On Writers

Animal People

by Charlotte Wood,
Allen and Unwin, Sydney 2011.

I finished this novel by a subterfuge, reading the beginning, then the ending, but I couldn’t face the middle. I couldn’t care for the character Stephen, or care about him, or read more of his whining.

The hilarious, tender and heartbreaking story of Stephen – aimless, unhappy and unfulfilled, this stiflingly hot December day is the day he has decided to dump his girlfriend. A sharply observed 24-hour urban love story. - Allen and Unwin.

The circumstance Wood wants to draw upon is that someone mean-minded about animals will be mean-minded about people, so is destined for loneliness.

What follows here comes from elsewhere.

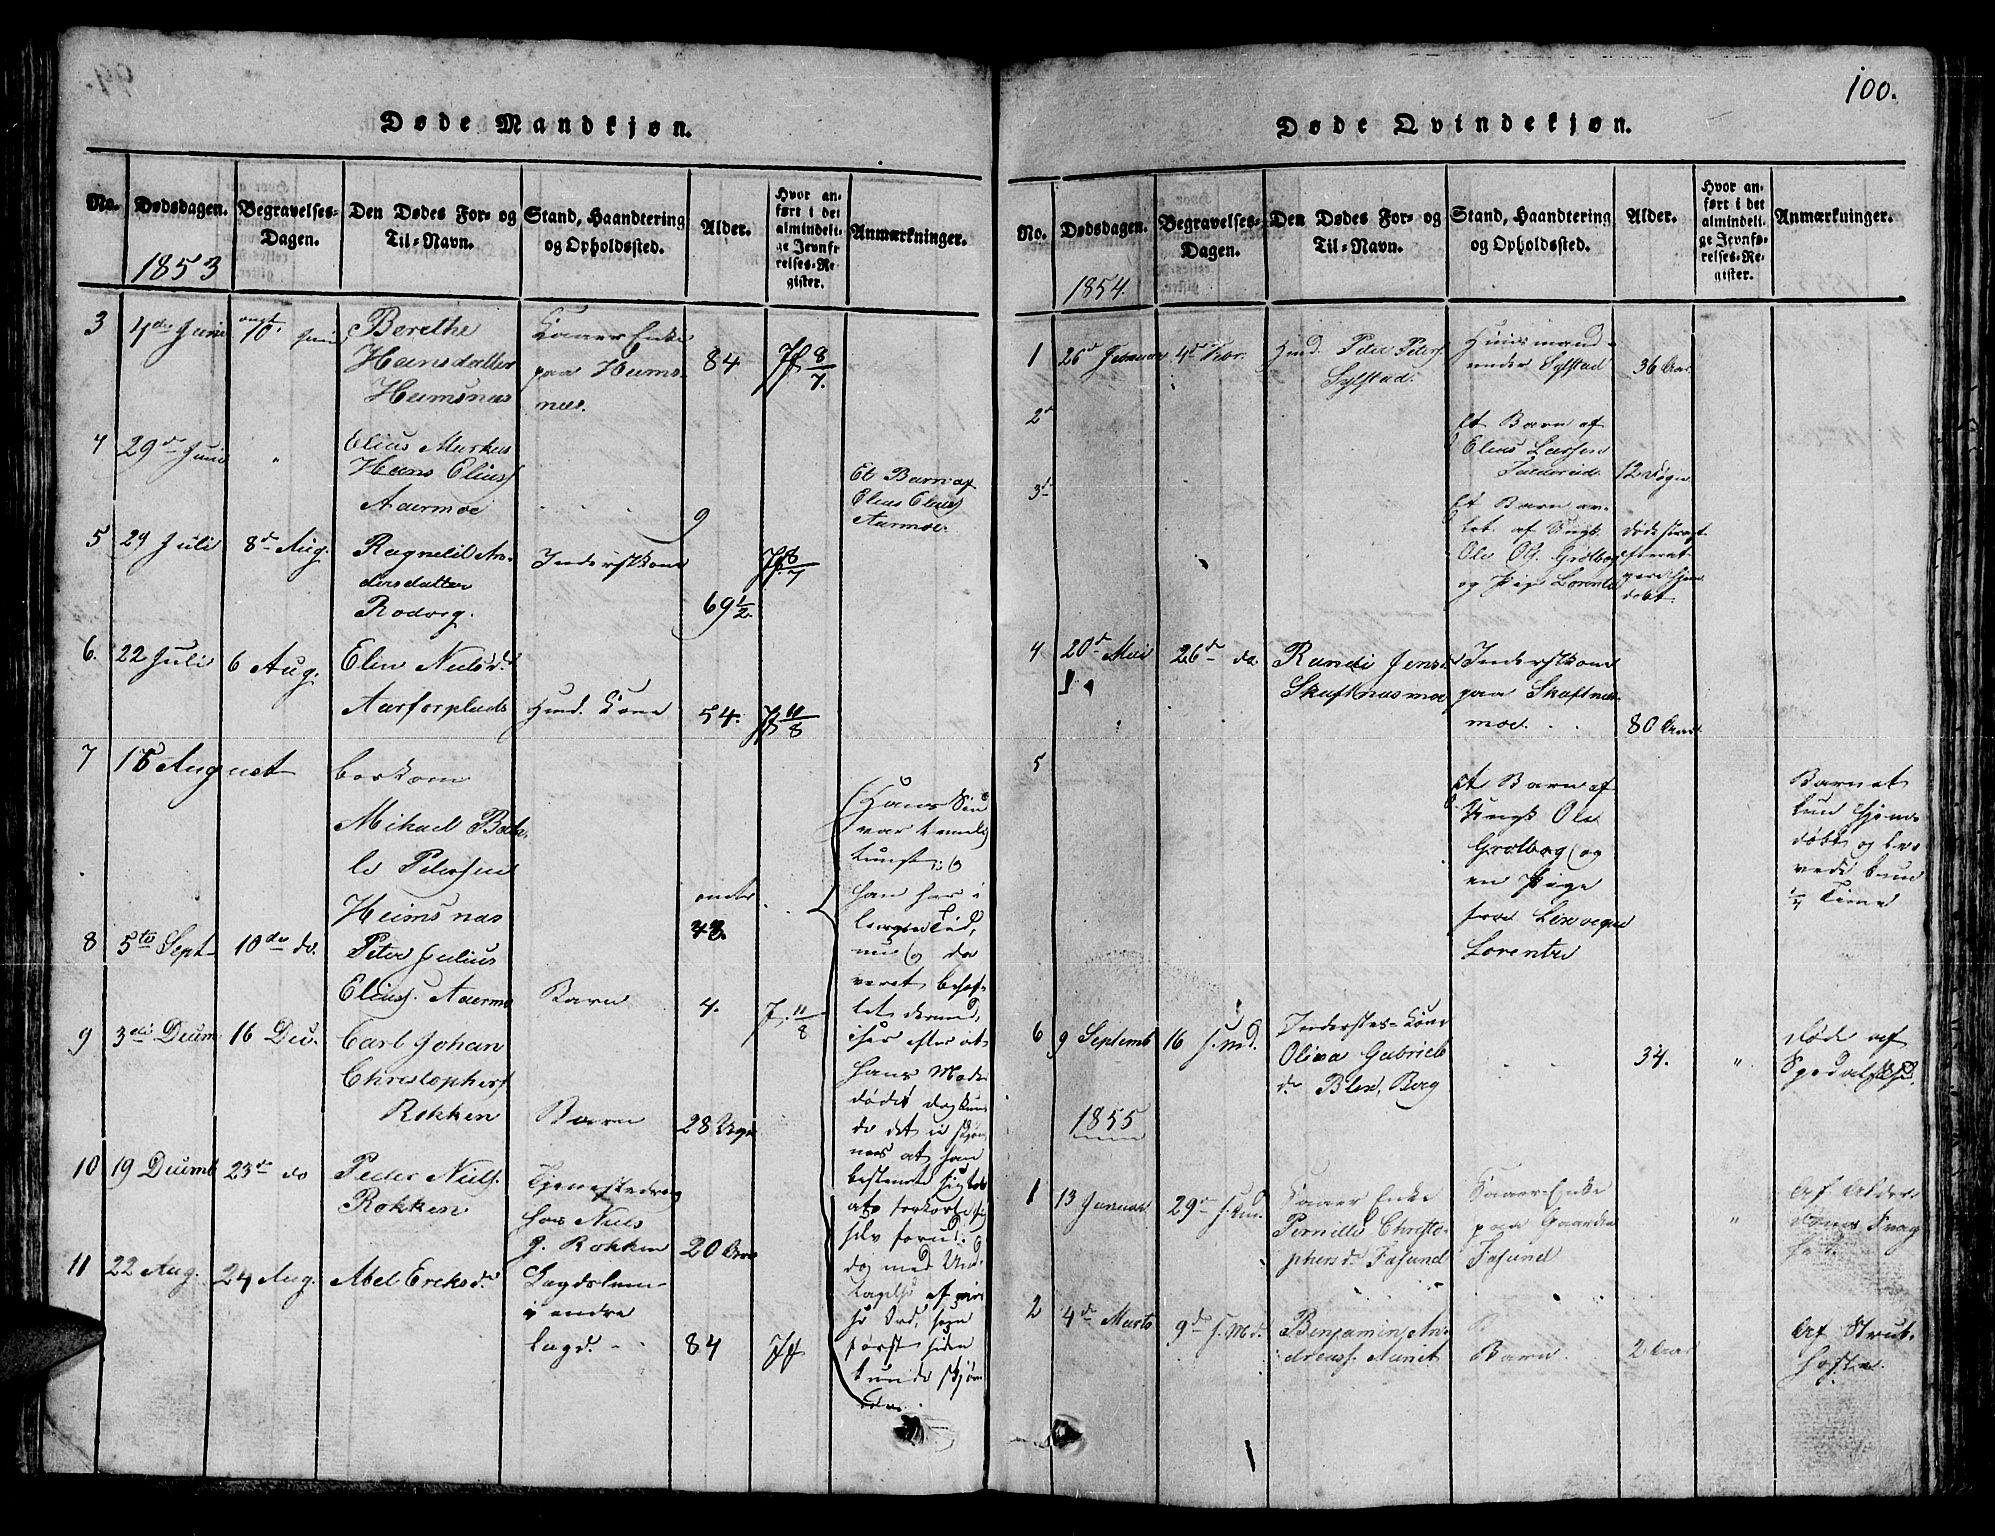 SAT, Ministerialprotokoller, klokkerbøker og fødselsregistre - Nord-Trøndelag, 780/L0648: Klokkerbok nr. 780C01 /3, 1815-1877, s. 100

The structural problem here is that we can’t like the central character until his epiphany, which arrives at the very end, so we may not persevere long.

The beginning was poor, so I was surprised at the strength of the ending, where his lover Fiona and her children comfort the dying dog, killed by a car, but we now they are also comforting Stephen who, until the moment of the collision, was incapable of loving a dog, and by implication, loving other people.

Charlotte Wood is reported participating in a panel of novelists, each of whom gives a technique for increasing the narrative drive of the story so to hold the reader. Charlotte Woods’ technique is, ‘Everything gets worse.’